▸ **Dataset content**
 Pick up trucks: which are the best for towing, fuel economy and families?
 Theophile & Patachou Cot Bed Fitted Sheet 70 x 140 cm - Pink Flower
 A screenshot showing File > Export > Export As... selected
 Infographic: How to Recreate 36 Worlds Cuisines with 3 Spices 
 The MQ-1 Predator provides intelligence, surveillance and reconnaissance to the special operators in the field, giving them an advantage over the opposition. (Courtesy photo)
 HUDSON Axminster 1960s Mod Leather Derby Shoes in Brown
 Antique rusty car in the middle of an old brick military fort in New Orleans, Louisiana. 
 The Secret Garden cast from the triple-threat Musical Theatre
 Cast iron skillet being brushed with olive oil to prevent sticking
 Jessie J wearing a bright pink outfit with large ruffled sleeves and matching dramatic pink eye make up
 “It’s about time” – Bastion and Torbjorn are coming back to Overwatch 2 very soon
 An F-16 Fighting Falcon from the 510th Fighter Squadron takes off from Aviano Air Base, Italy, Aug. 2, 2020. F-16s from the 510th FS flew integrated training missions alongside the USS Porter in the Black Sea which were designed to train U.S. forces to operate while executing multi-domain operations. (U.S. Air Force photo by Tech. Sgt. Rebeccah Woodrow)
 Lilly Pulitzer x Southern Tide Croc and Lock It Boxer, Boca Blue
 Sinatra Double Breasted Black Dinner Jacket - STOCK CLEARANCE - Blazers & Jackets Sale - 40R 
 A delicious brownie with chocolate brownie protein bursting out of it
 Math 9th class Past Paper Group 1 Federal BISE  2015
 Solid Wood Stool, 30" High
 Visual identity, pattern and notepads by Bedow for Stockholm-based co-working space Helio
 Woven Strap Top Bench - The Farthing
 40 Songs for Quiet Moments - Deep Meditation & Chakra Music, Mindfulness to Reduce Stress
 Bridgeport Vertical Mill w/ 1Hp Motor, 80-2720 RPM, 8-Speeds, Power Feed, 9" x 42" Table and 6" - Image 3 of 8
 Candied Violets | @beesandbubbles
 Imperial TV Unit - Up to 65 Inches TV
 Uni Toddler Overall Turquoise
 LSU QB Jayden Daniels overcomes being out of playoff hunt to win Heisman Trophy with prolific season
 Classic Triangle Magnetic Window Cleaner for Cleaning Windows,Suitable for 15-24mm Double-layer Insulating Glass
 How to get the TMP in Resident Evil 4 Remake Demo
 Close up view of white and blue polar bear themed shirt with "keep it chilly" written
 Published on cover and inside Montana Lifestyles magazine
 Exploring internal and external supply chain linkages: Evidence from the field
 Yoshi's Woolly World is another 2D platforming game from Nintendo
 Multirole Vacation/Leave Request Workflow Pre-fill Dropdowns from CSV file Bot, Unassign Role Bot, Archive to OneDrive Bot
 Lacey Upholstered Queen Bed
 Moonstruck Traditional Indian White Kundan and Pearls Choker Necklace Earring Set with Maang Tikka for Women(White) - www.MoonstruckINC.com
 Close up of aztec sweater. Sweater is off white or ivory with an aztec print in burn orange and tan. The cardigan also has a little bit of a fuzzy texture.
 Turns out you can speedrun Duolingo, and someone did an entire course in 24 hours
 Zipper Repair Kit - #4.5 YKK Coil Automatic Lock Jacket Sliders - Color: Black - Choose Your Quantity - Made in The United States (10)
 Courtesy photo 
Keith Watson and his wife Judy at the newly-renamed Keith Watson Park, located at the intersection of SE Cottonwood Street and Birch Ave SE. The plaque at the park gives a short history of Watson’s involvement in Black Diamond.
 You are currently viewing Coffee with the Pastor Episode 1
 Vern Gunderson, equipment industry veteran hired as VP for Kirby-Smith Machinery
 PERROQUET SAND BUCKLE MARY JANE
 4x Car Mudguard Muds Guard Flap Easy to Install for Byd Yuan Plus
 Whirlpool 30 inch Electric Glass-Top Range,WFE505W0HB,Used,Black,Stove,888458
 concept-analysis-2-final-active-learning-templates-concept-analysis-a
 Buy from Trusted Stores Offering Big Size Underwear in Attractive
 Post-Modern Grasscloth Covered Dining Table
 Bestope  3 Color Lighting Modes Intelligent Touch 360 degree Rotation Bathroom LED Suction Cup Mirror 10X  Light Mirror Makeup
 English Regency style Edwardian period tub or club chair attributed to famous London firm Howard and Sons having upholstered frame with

▸ **Problem**
Please find every line in the records above that holds the word "being" and copy it.

▸ **Task answer**
 Cast iron skillet being brushed with olive oil to prevent sticking
 LSU QB Jayden Daniels overcomes being out of playoff hunt to win Heisman Trophy with prolific season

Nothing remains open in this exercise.